June 16, 2015
Happy Anniversary to us! It is now our 8 year wedding anniversary! Yes, eight whole years we’ve been married. We were engaged for a year and three months before that, were dating for a year before that, so altogether we’ve been together for over 10 years now! Amazing, isn’t it? I know it’s more amazing to some of you than others, because a lot of people thought that we were just friends and that I was gay. We read that a lot a while ago. Oddly, they don’t say that anymore with my beard. I wonder why? Who knows. Though, I did read a hilarious comment on YouTube a few weeks ago that went something along the lines of “I just discovered your channel, and I love your videos! The chemistry you two have together is so amazing! Every girl deserves a gay bestie!” We both chortled :D
Yep. Eight whole years of being married, and we’re happier together now than we were after our first year. We’re happier together now than we’ve ever been. I don’t know how we can keep going like this. It’s unsustainable. Given this growth rate, eight years from now all we’ll do is laugh and hug and not have time to eat or do anything else, and we’ll die of starvation. This is Global Warming on a whole new level.

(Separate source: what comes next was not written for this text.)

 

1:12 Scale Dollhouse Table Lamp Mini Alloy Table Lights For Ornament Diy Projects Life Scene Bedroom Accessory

That reminds me: I remember when we were in Singapore for some special event, I went out to get drinks for Martina and I in the middle of a show, because the drinks were free and nothing tastes better than free food. I saw three older dudes in their mid 40s who started a small conversation with me as my drinks were being poured. I told them that one of the drinks was for my wife, and they asked how long we were married for. Then they said “pfft! Wait till you’re on year 7! You’ll get the 7 year itch and then you’ll find someone else! Ain’t that right fellas?” And the other dudes all high fived and agreed with each other. Well, guess what, you bitter fucks? YOU WERE WRONG!
But these guys aren’t the only ones that have spoken to me thusly. I didn’t grow up with positive examples of marriage, from my families and friends around me, along with what I’d see on television. Their perspective is a common one. So, I would like to be able to think of our relationship as a positive example for marriages, a rebuttal for bad relationship standards. I’d like people to see the two of us together for over a decade, still madly in love with each other, in a happy and healthy relationship, and I’d like that to be a counterargument to some of the unhappier marriages out there.

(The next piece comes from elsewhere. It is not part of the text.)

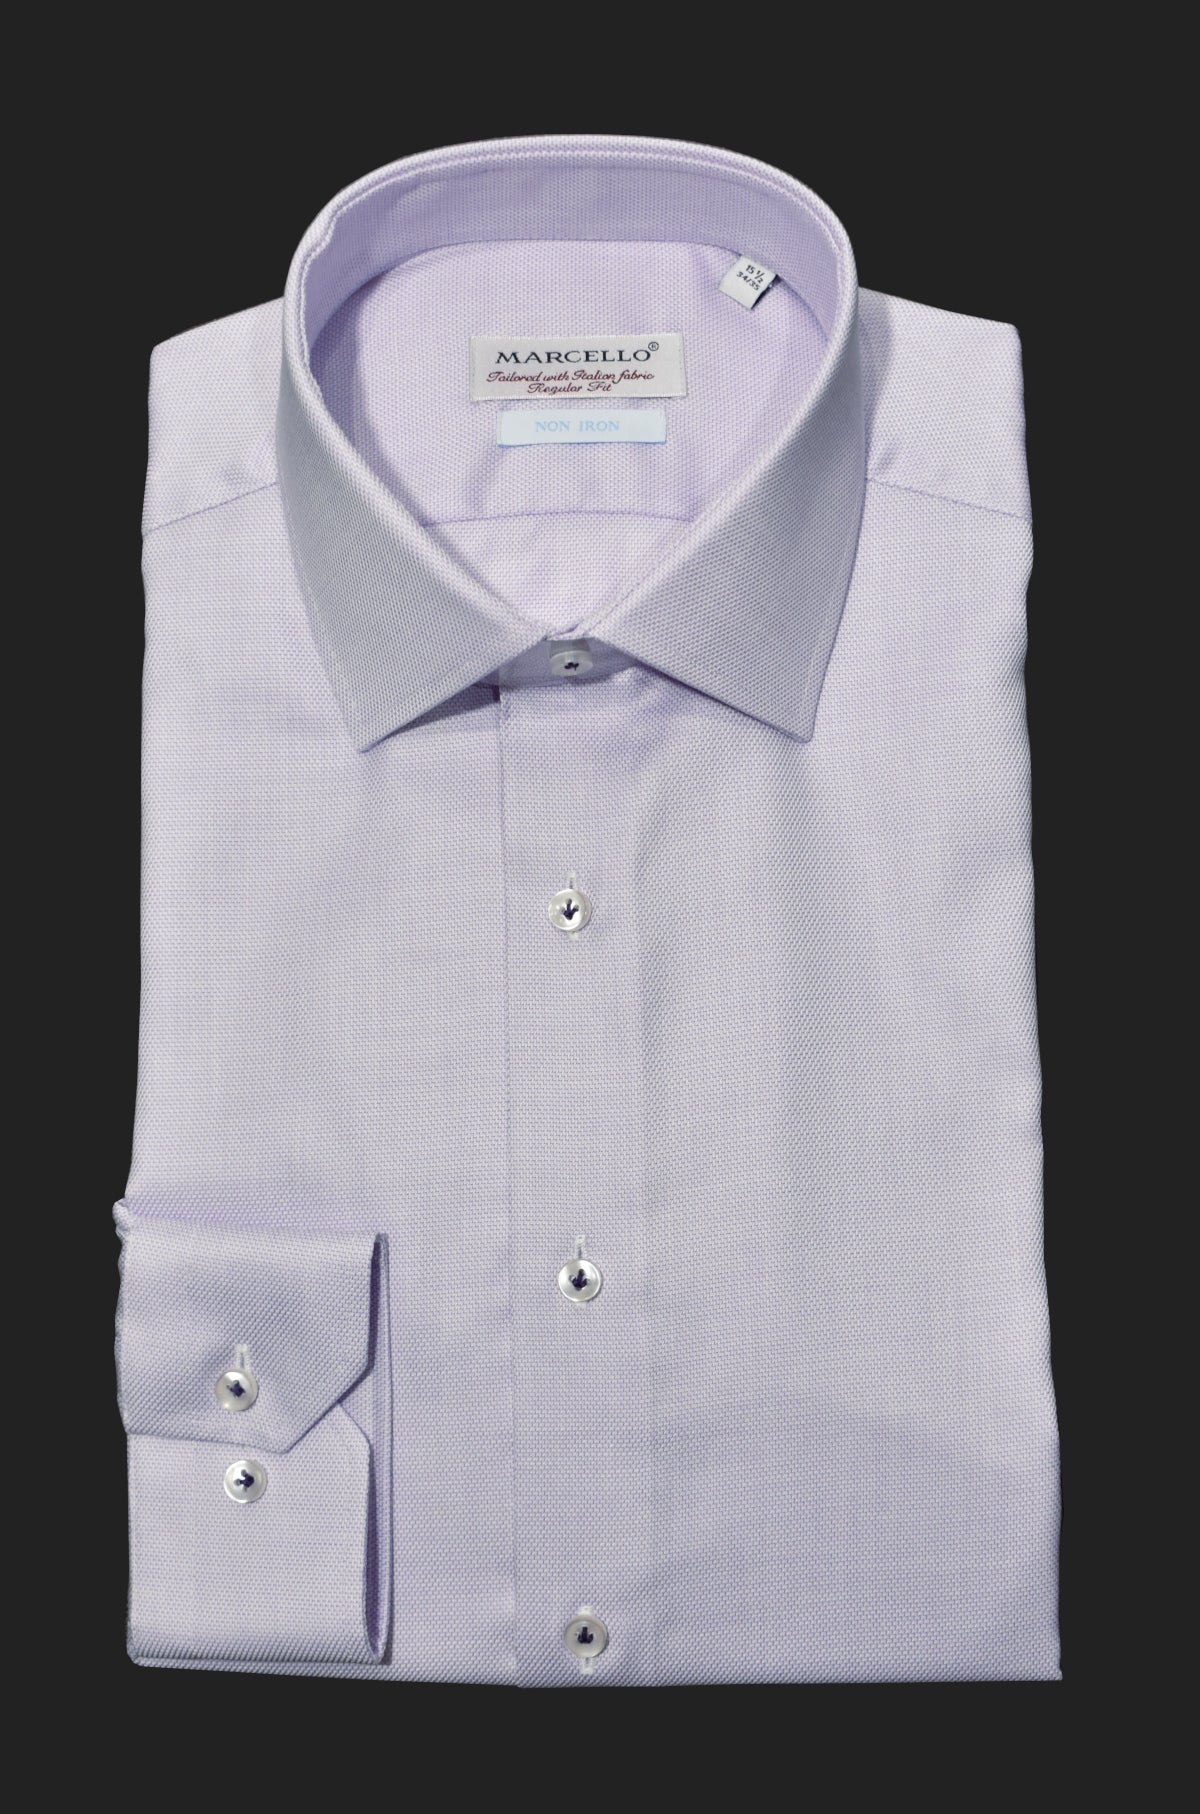 The Marcello Dress Shirt is one of the finest made shirts.  Soft, rich fabric with a slight texture exudes an unparalleled elegance.  Choose from White, Blue, Pink, Lilac or Black Extra fine, soft Italian cotton. Fine piquet textured fabric.

I think, though, that our concept of marriage and what keeps us happily married is very different than what we’ve seen in other people’s relationships. To some, marriage is a status that they’ve achieved, and once that goal has been unlocked they go on living their lives in pursuit of other goals and put their trophy on a shelf. Marriage isn’t something that’s worked at consistently, it’s just something worked towards and then moved beyond. But in the rest of their lives people will bust ass in their jobs and do their best to keep their bosses happy. They’ll try to get a promotion and more money and respect and more money and awards and more money. Why not put in that kind of work for your manager at home? Why are people’s work ethics so heavily tipped towards their careers rather than their homes?
We’re very career oriented people; it’s just that marriage is our career. Everything else is periphery. People take extra courses and get certificates for their careers, but for us, all other training we do is to try to be better at our jobs as spouses. I took a foot massage course to try to help Martina go to sleep better. I’m training at the gym now a lot harder than ever before in hopes that I can be strong enough to help Martina with whatever mobility issues she may have in the future. Martina’s vision isn’t doing too well, and she’s having increasing trouble putting on makeup in the mirror, so we discussed the possibility of my taking a makeup course so I can help her out when she needs it.
You know, the more we talked about this topic, the more it seems like this advice could apply not just to marriages, but to being a better employee, because all the language we’ve used sounds like career terminology. And taking this idea one step further, I think it all just boils down to motivation and work ethic. It’s really difficult for us to sit around and do nothing, to be lazy. We had friends that would call us on the weekends and tell us that they were bored. BORED? How can you be bored?! There are so many things you can be doing! So many things you can be learning! So, for us, we’re both people that put in a lot of effort in everything we do. We busted ass at our jobs in high school, even though we knew we weren’t going to work at the mall forever. We busted ass in university. We’re busting ass (or trying to bust ass) with making videos. And we bust ass in our relationship as well.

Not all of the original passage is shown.